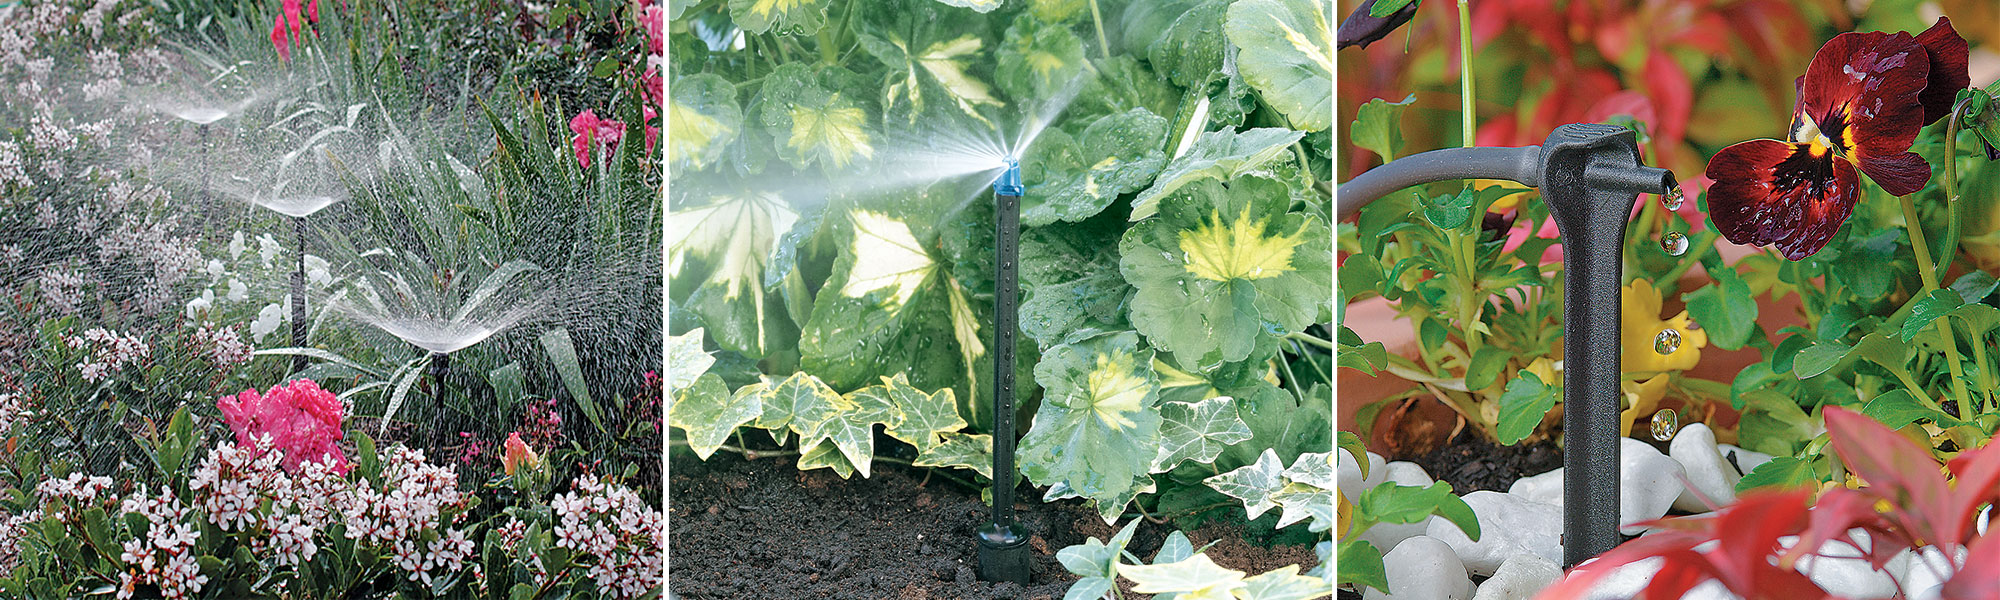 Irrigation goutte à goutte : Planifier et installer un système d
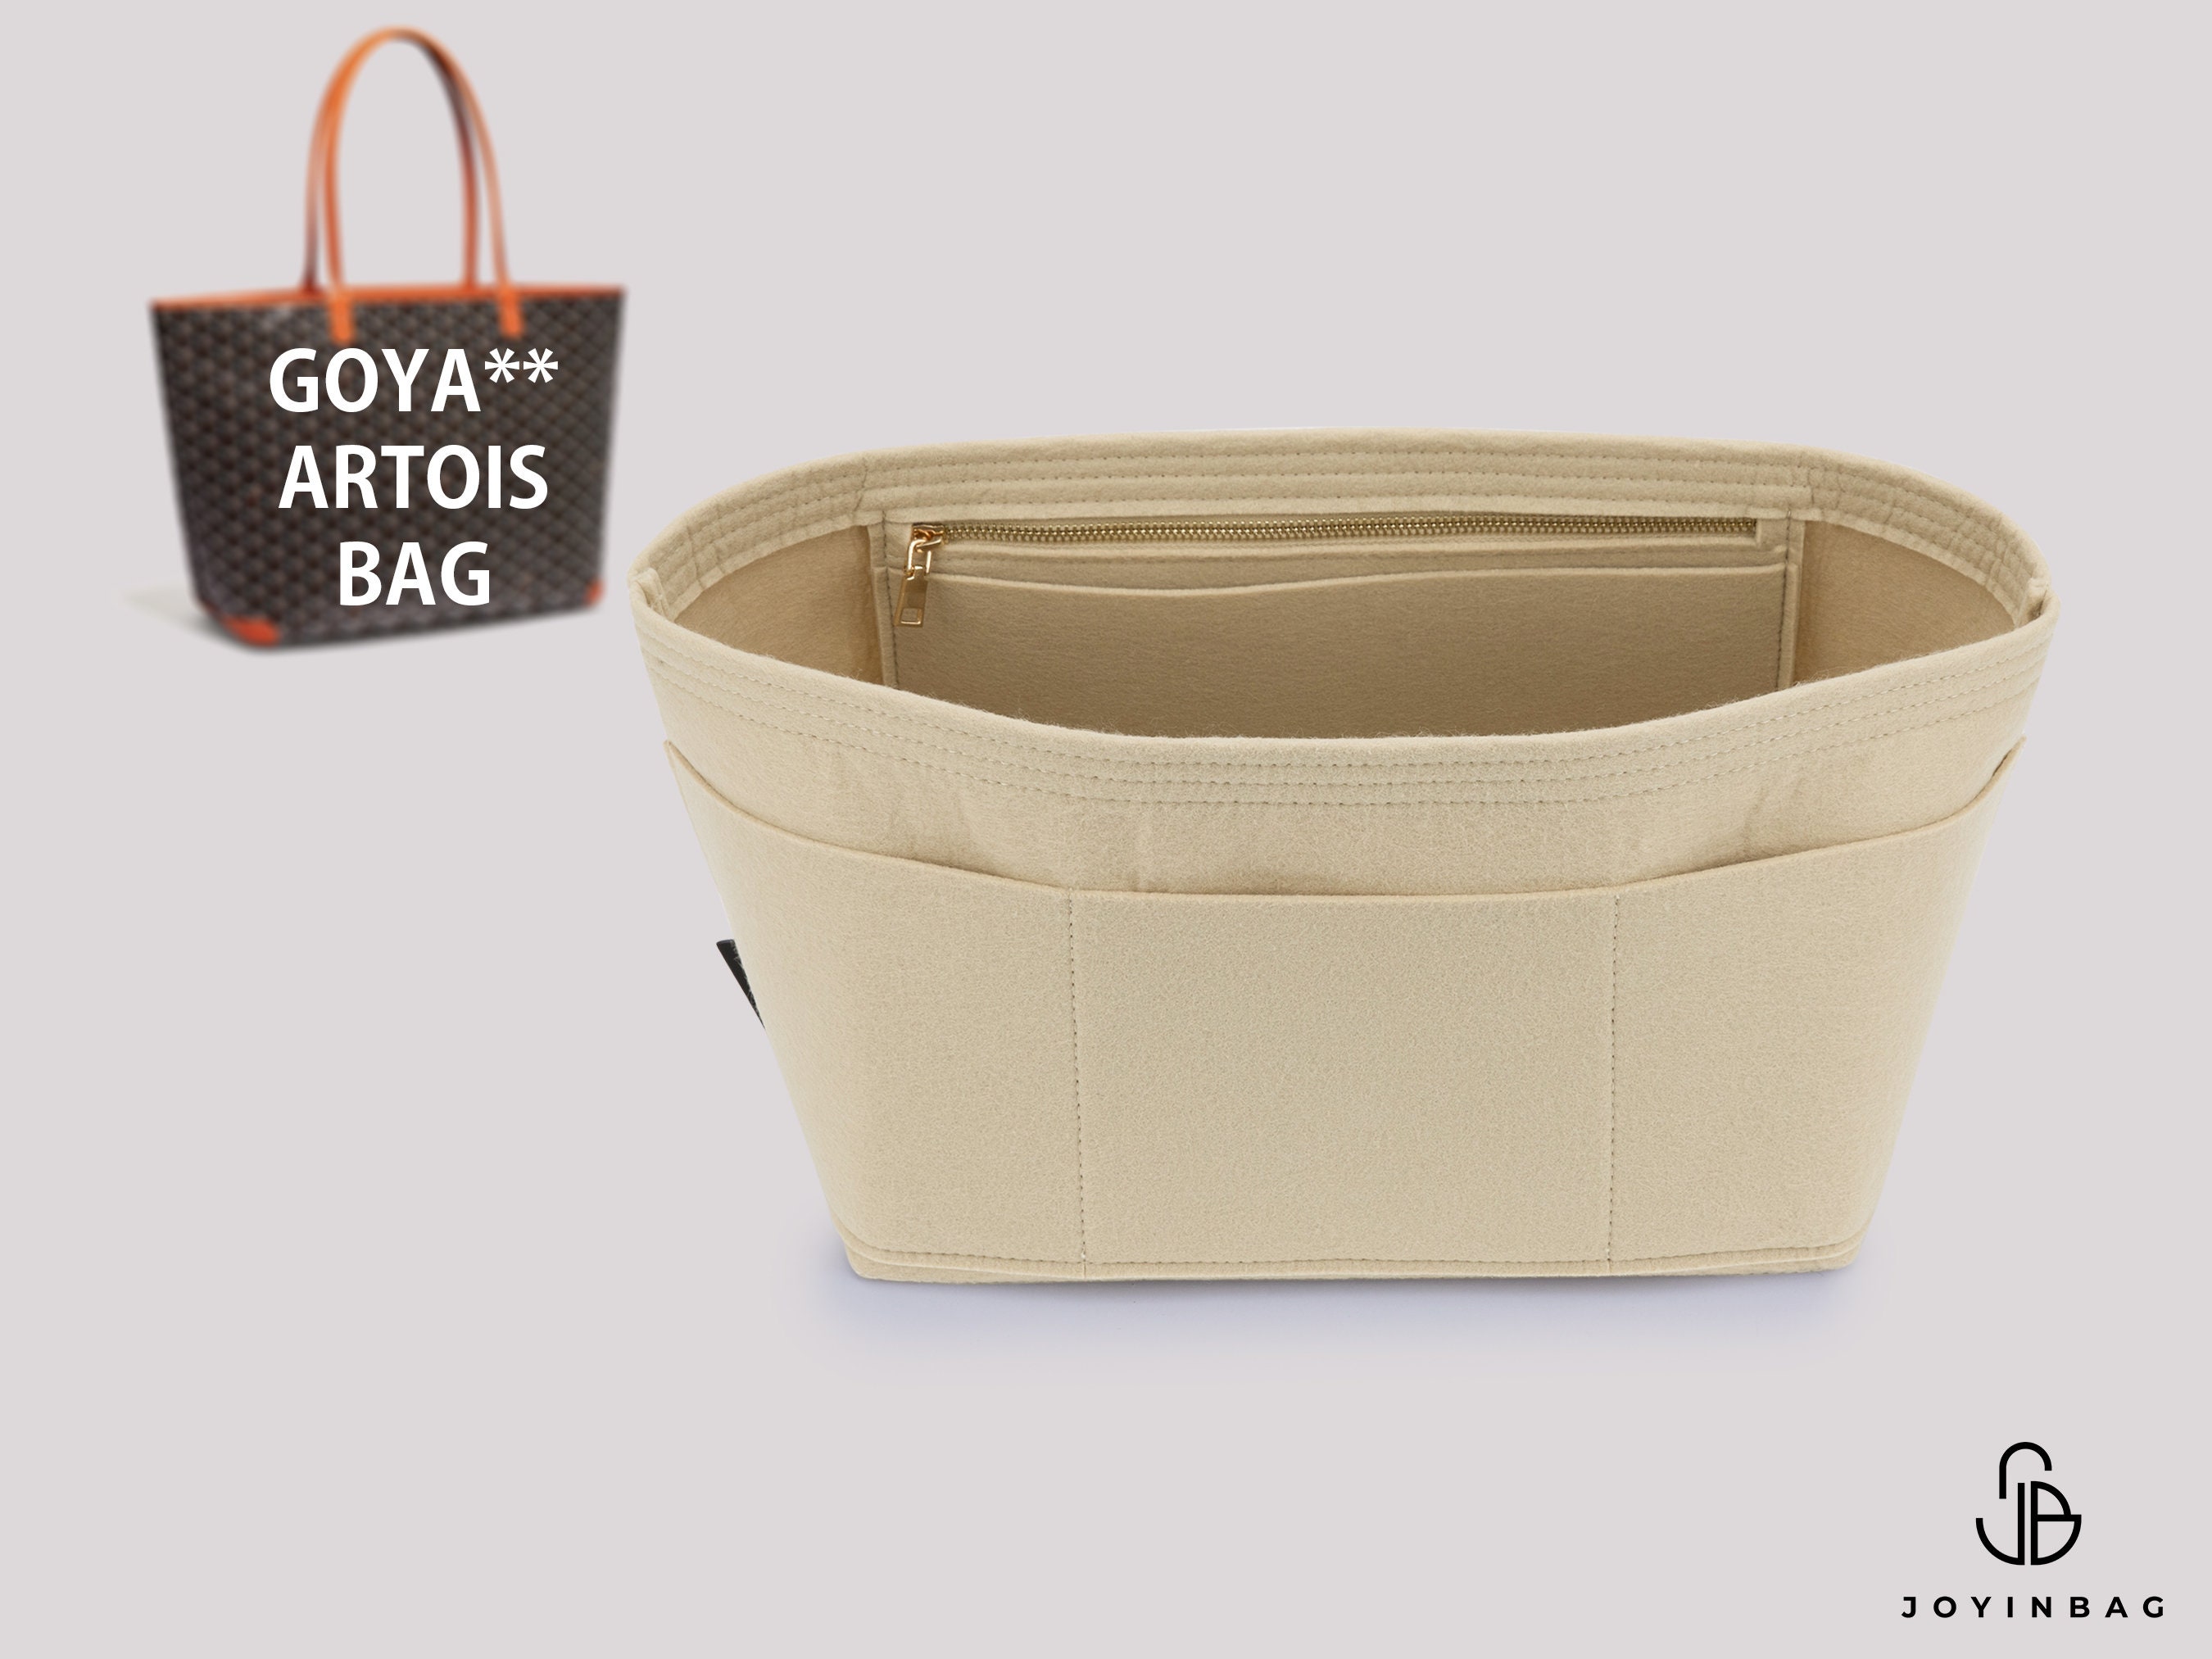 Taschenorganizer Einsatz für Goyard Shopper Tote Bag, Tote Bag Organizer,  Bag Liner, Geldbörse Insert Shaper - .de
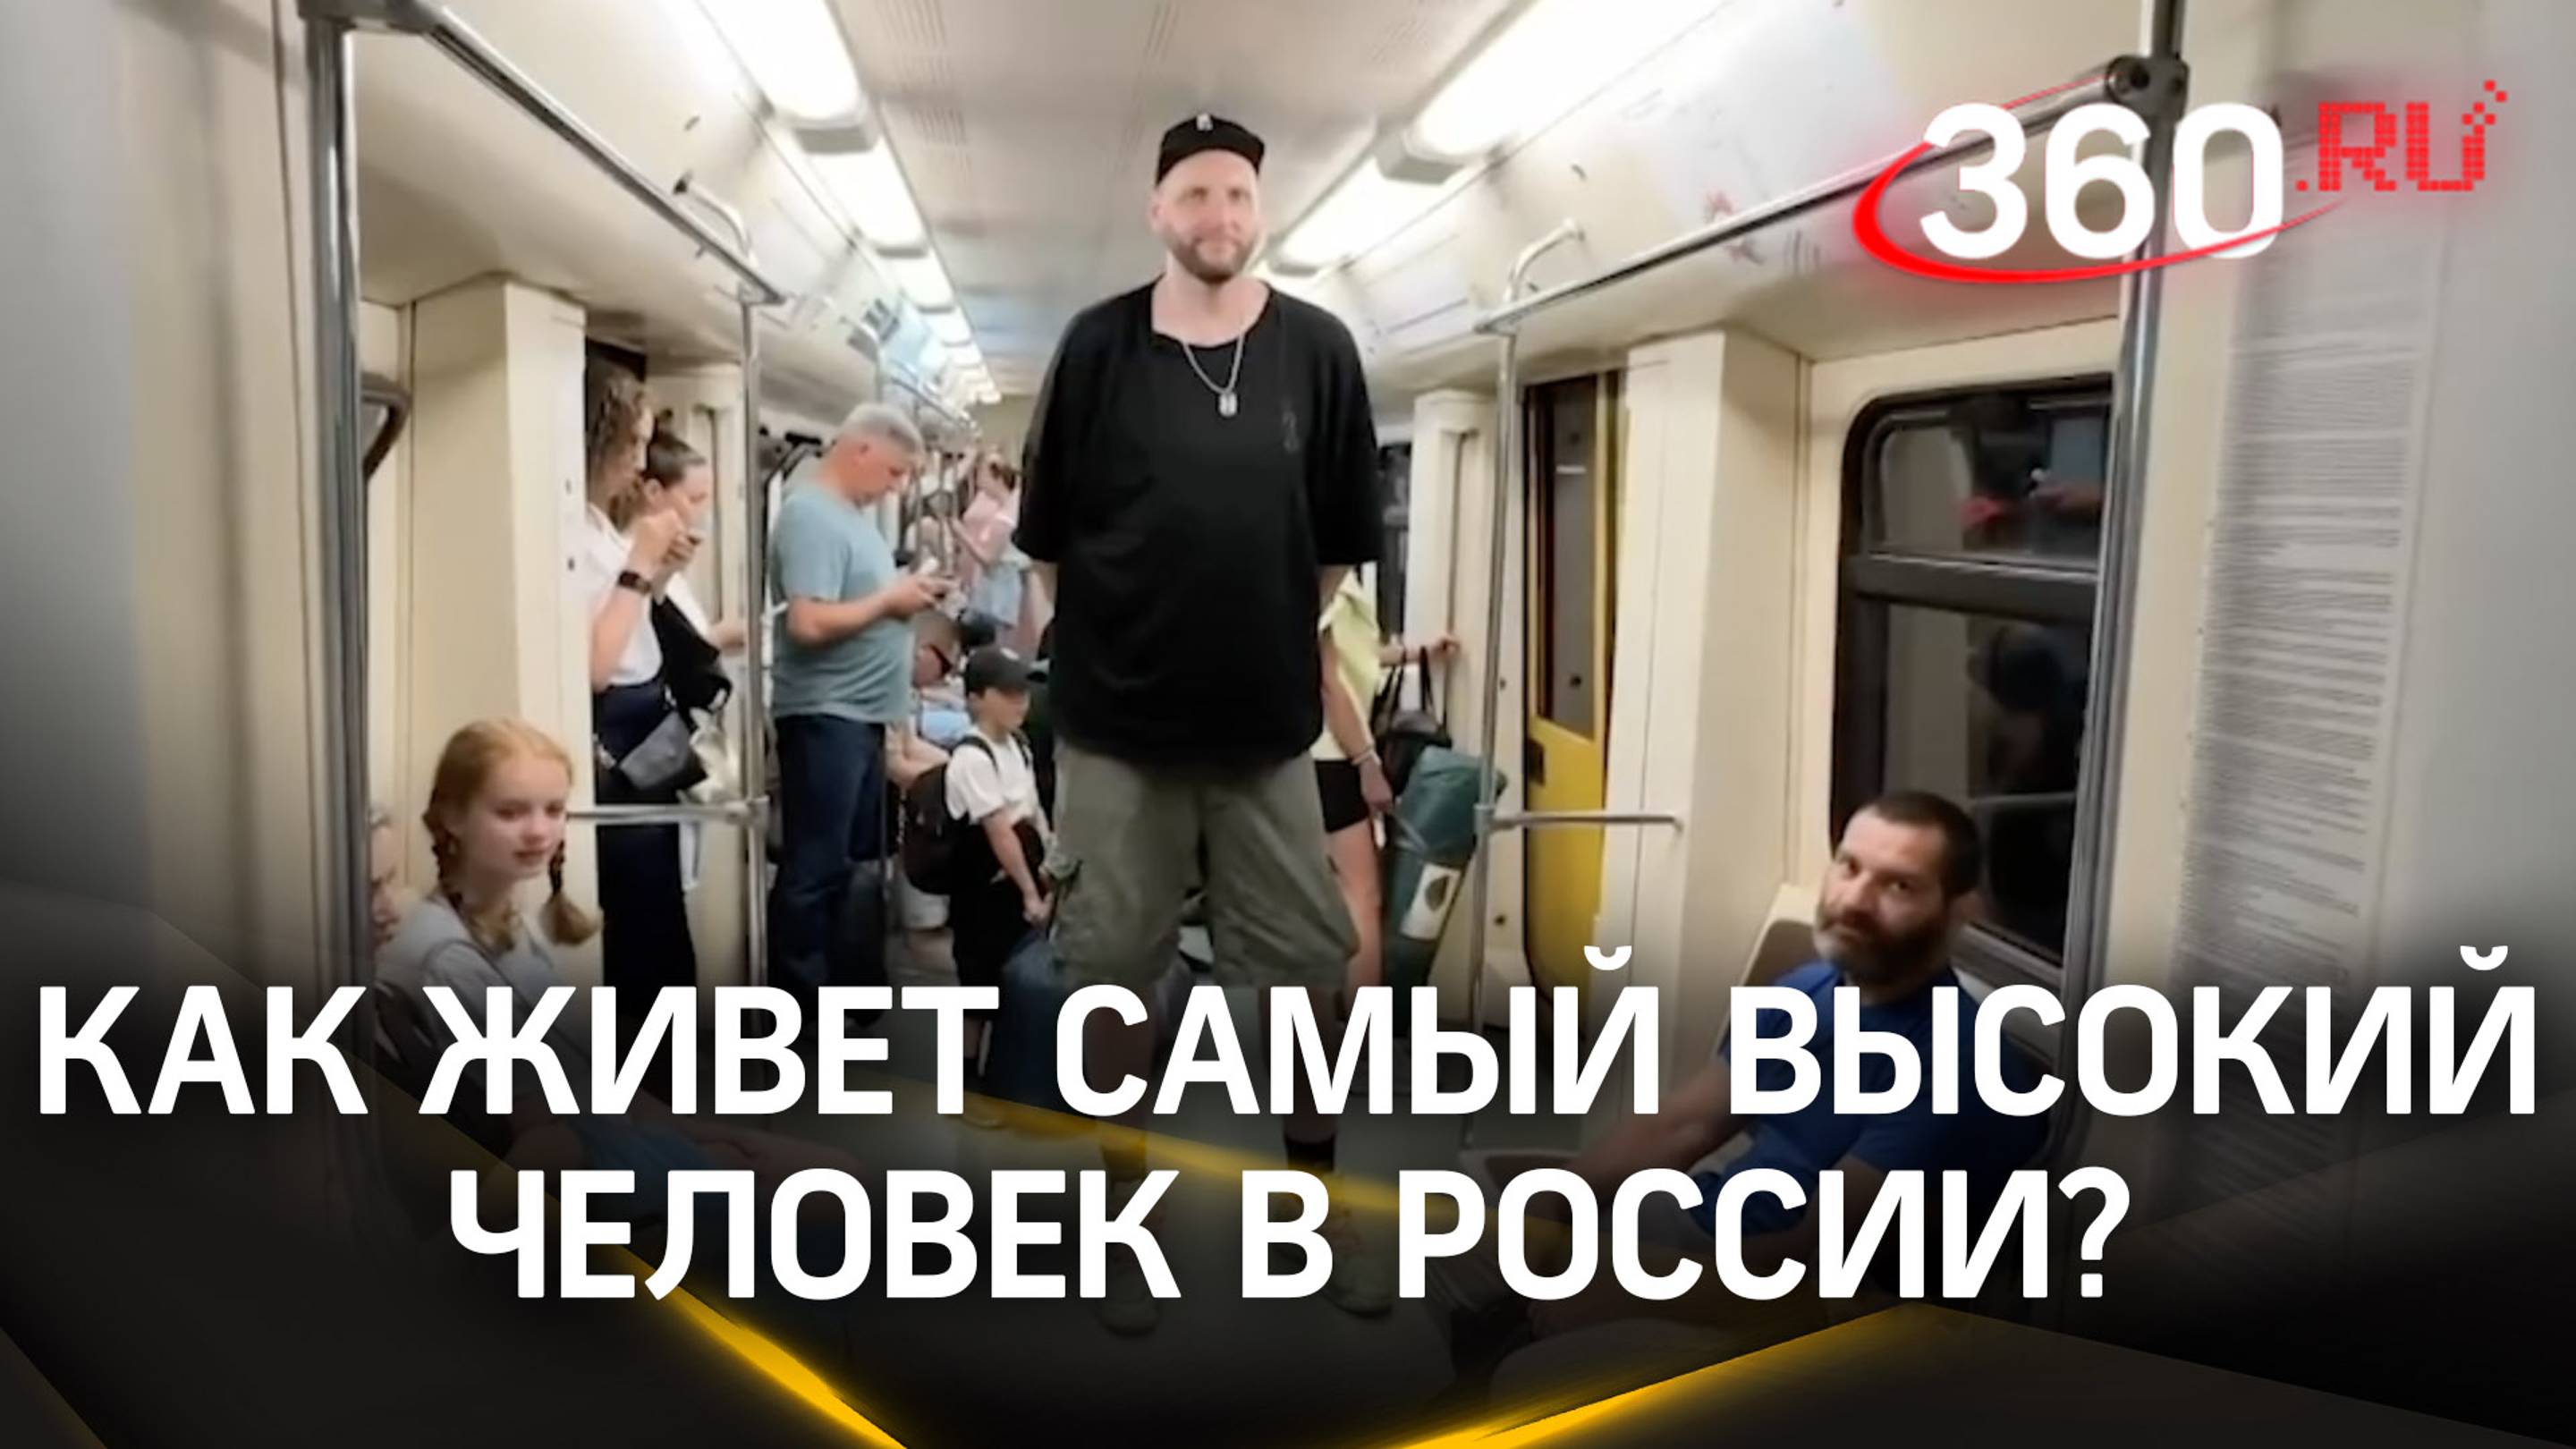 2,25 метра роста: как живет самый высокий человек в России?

--------------------------------

EXERCISE REQUIREMENTS »
An exact transcript is required, covering the lines from the one containing "Taschenorganizer Einsatz für" through the end of the listing above, inclusive, without pictures.

THE ANSWER »
 Taschenorganizer Einsatz für Goyard Shopper Tote Bag, Tote Bag Organizer,  Bag Liner, Geldbörse Insert Shaper - .de
 2,25 метра роста: как живет самый высокий человек в России?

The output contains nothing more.